These days I seem to be able to manage my weight just by doing as much cycling as possible (and running in the winter) and eating fairly sensibly...0 -
I've been having problems with what feels like muscle strain in my back, seats especially seeming uncomfortable to sit on. So I'm wondering if I'm having some muscle loss issues, or just the fat cushioning has gone!
I have lost 13kg in 4 months, (85kg to 72kg) perhaps I might need to go onto more of a maintenance diet for a while to let things stabilise, although I would prefer to get to 70kg as at least my BMI would be 'healthy'.
My real goal is around 63kg but I suspect that might have to wait a little longer.

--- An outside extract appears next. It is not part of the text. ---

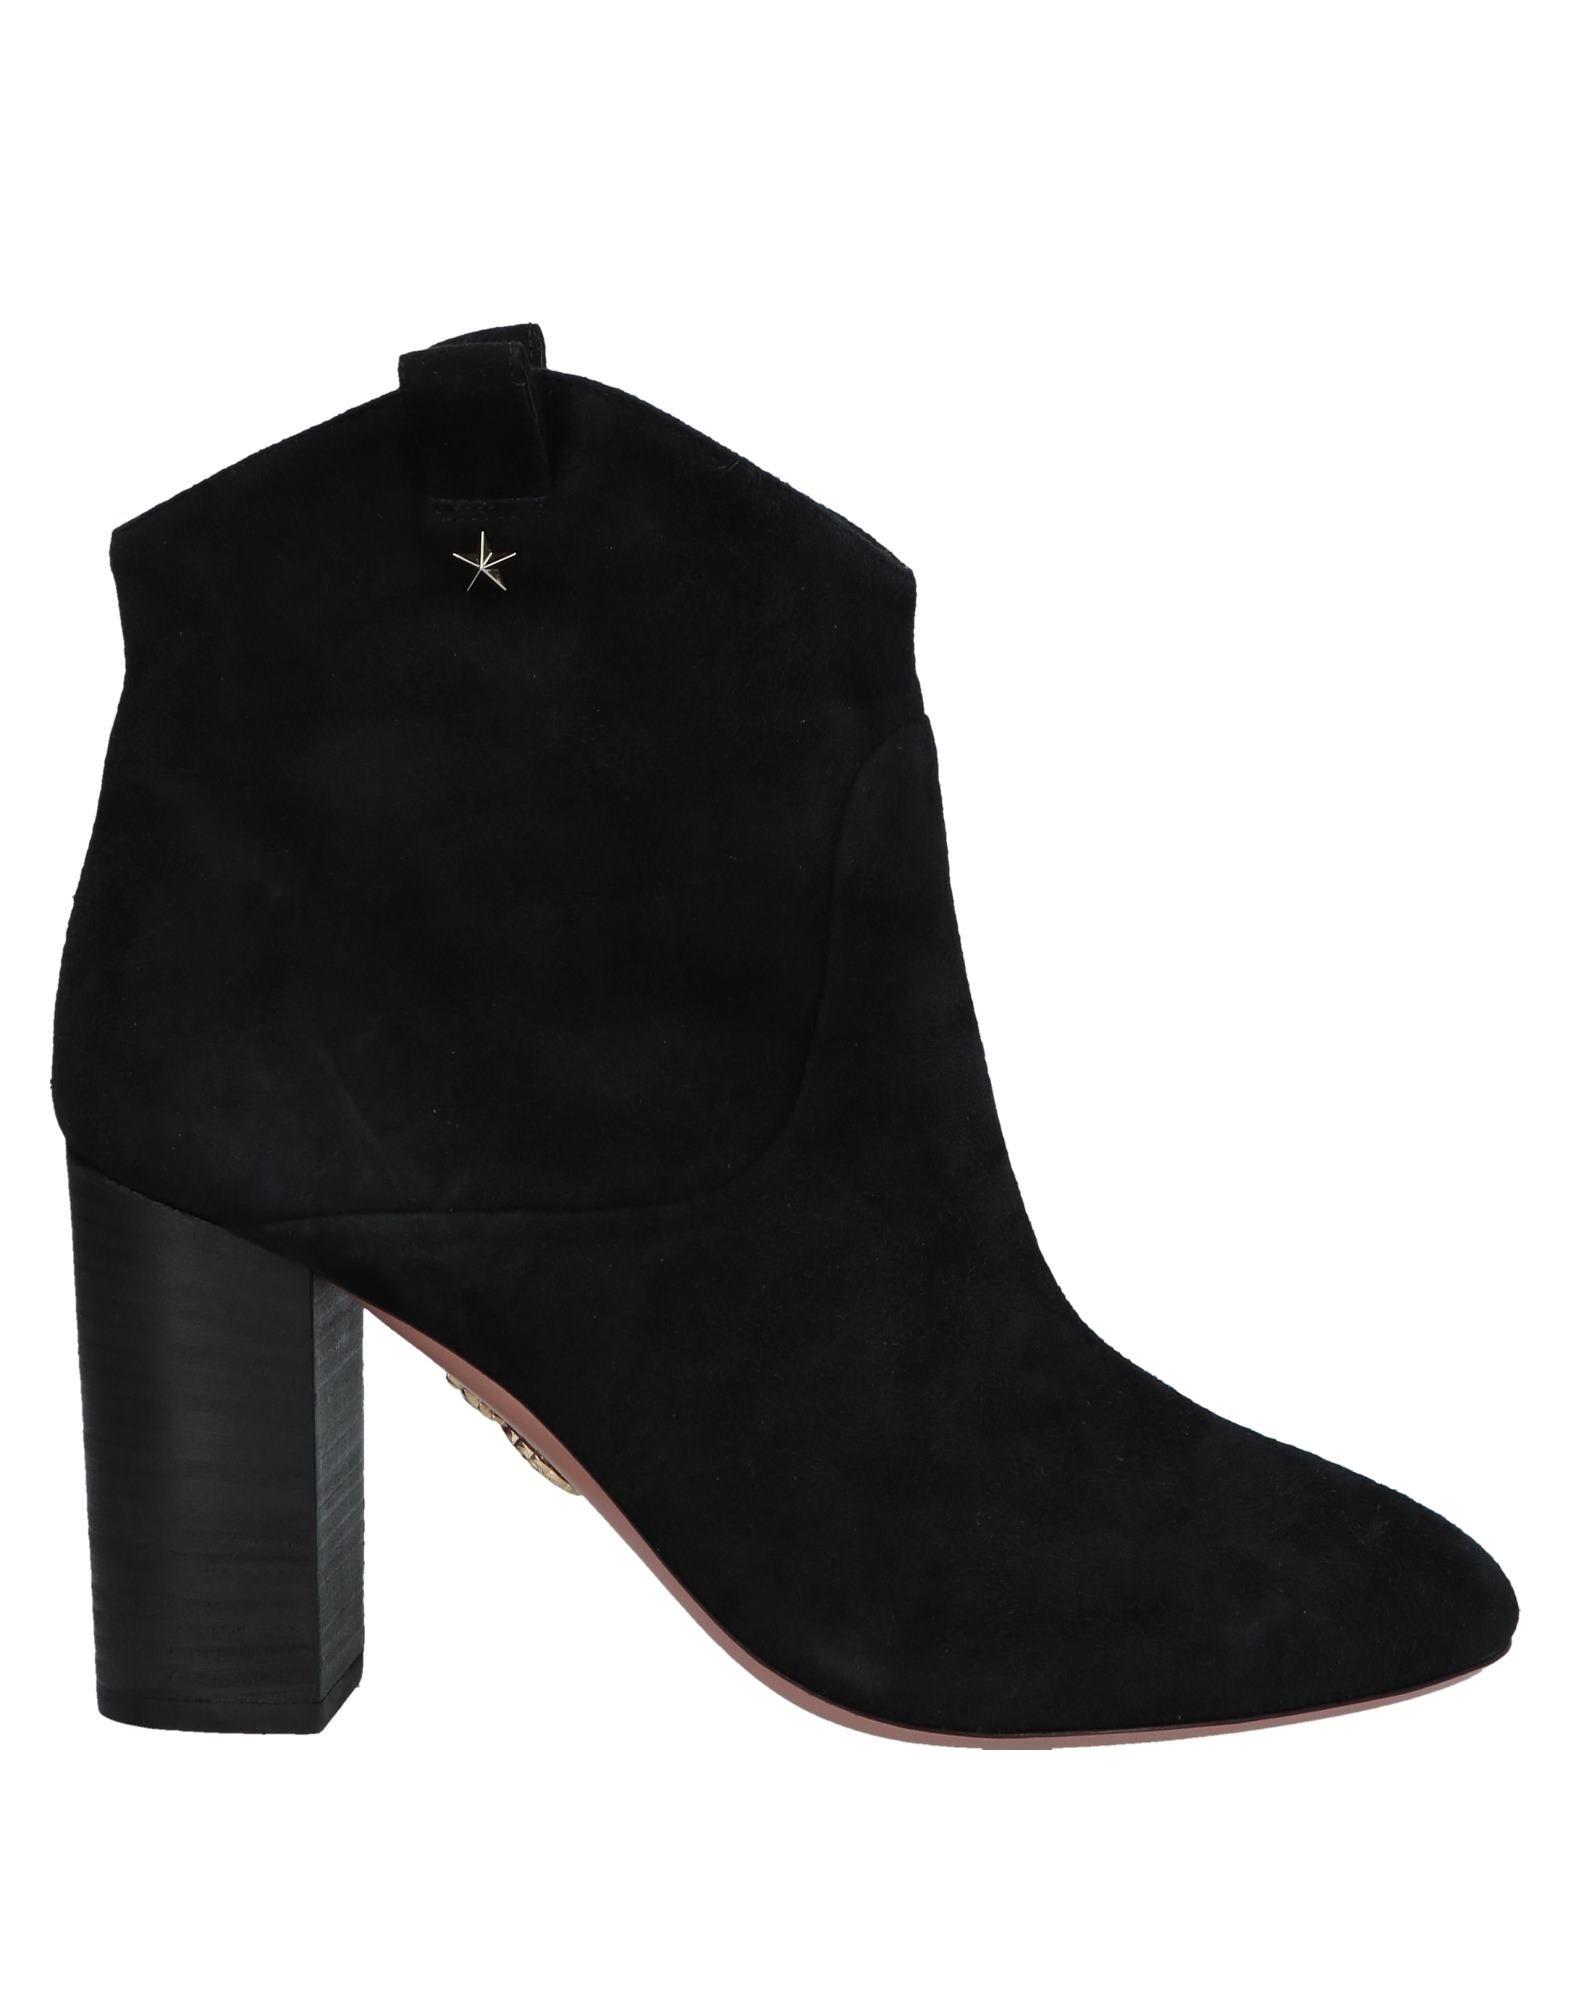 Aquazzura Ankle Boot - - Boot Women Aquazzura Ankle Boots online on  United Kingdom - 11568433TA 32f6cc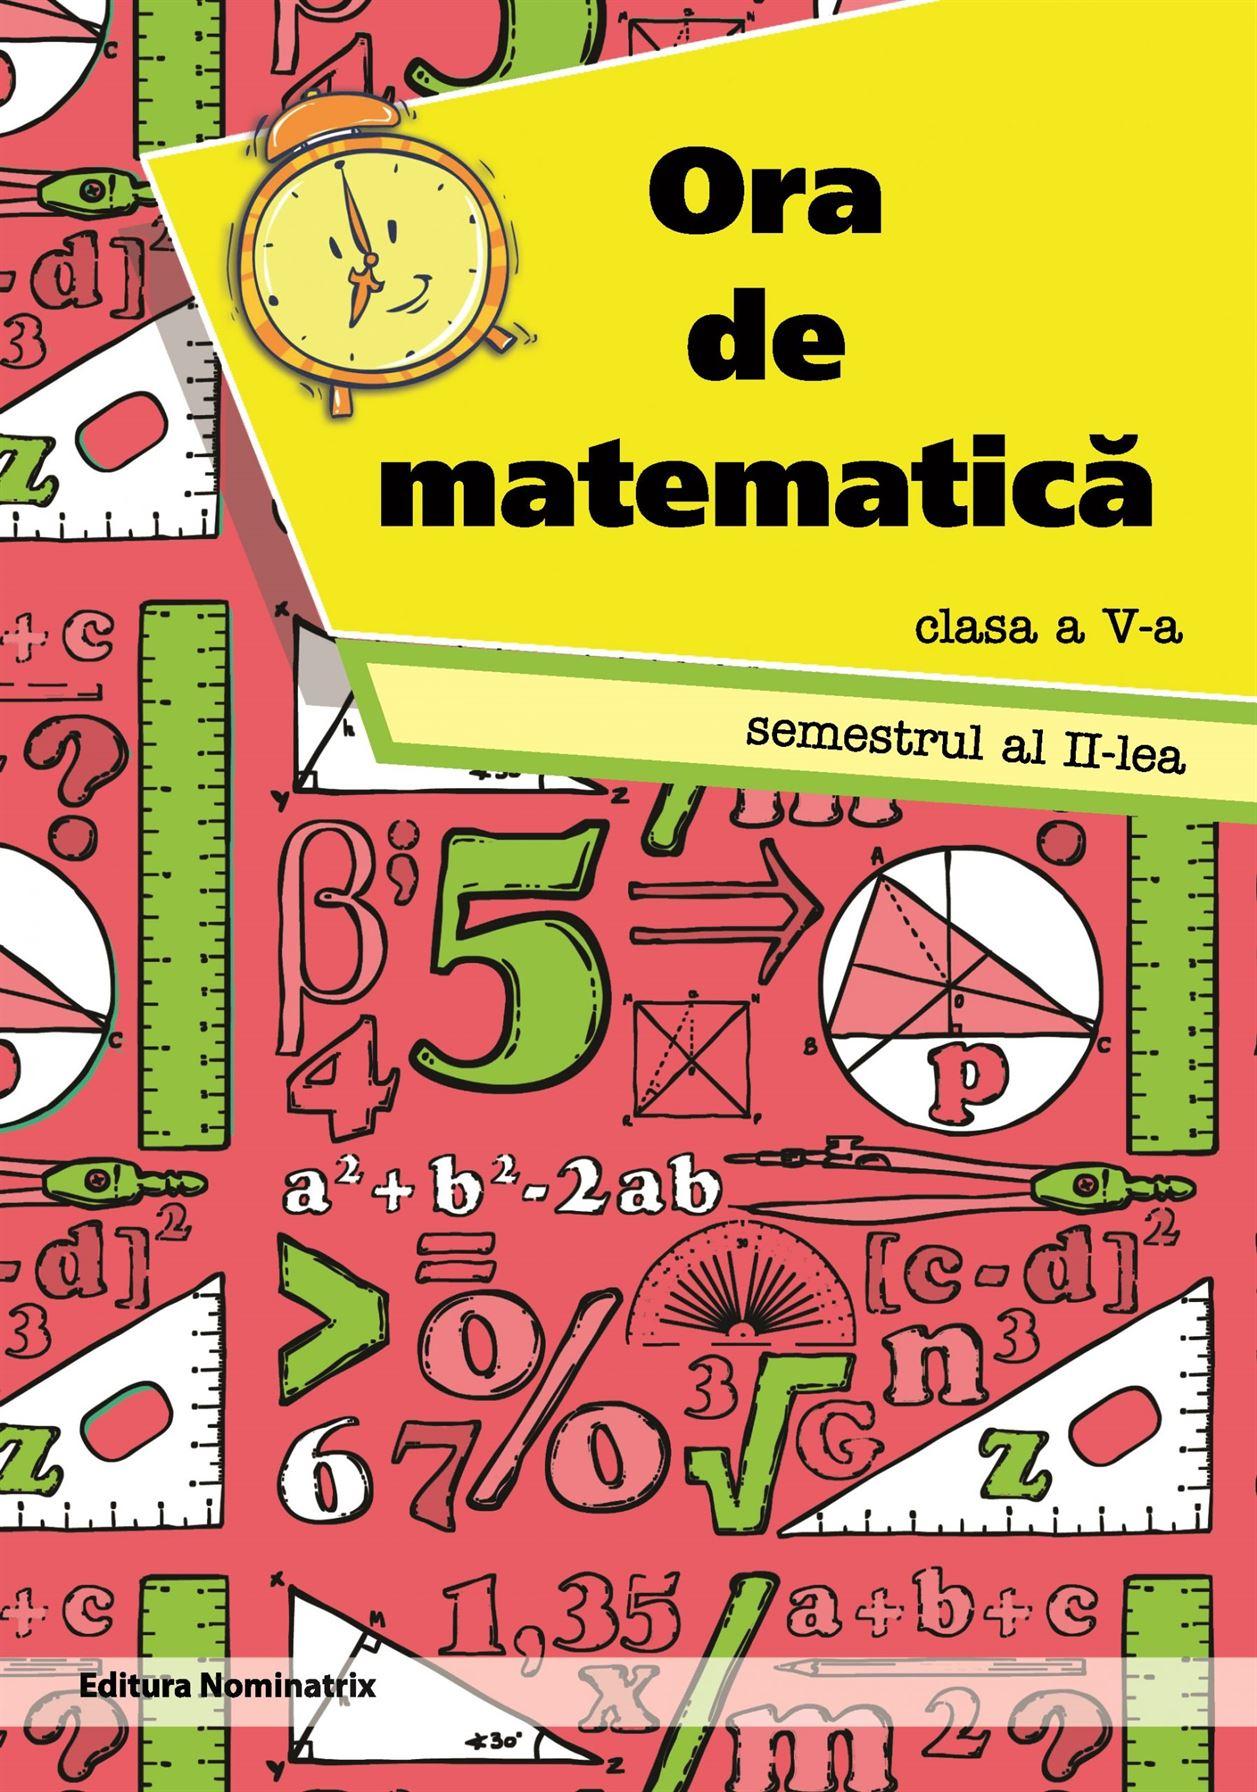 Ora de matematica clasa a V-a sem. 2 1

I do wonder if my protien intake is sufficient, I tend to revert to carbs rather than protein, and from what I've seen at 160lb I need something like 80g-125g of protein per day. Not entirely sure how much I'm getting but I wouldn't be surprised if it was half of that. I could change what I'm eating or add in some of that protein power you see in massive big vats.0 -
Our eldest son is a bit of a gym bunny. While at Uni in Loughborough he shared accommodation with some sports scientists, and I suspect that's influenced his attitude to nutritional supplements. He can't run upstairs without wanting a recovery drink with whey protein. I've told him all he needs is a balanced diet of proper food but the maximuscle stuff keeps appearing. The whey protein is harmless enough, but I'm not so happy about the creatine.
He is built like a brick $hithouse though.
If you think your diet is lacking protein then a scoop of whey protein in a glass of milk is an easy way of upping it. Proper food's tastier though.0 -
Keef66 - its fine when they are young, no real risk of harm under 30. But eventually they need to watch what they put in their body to promote growth.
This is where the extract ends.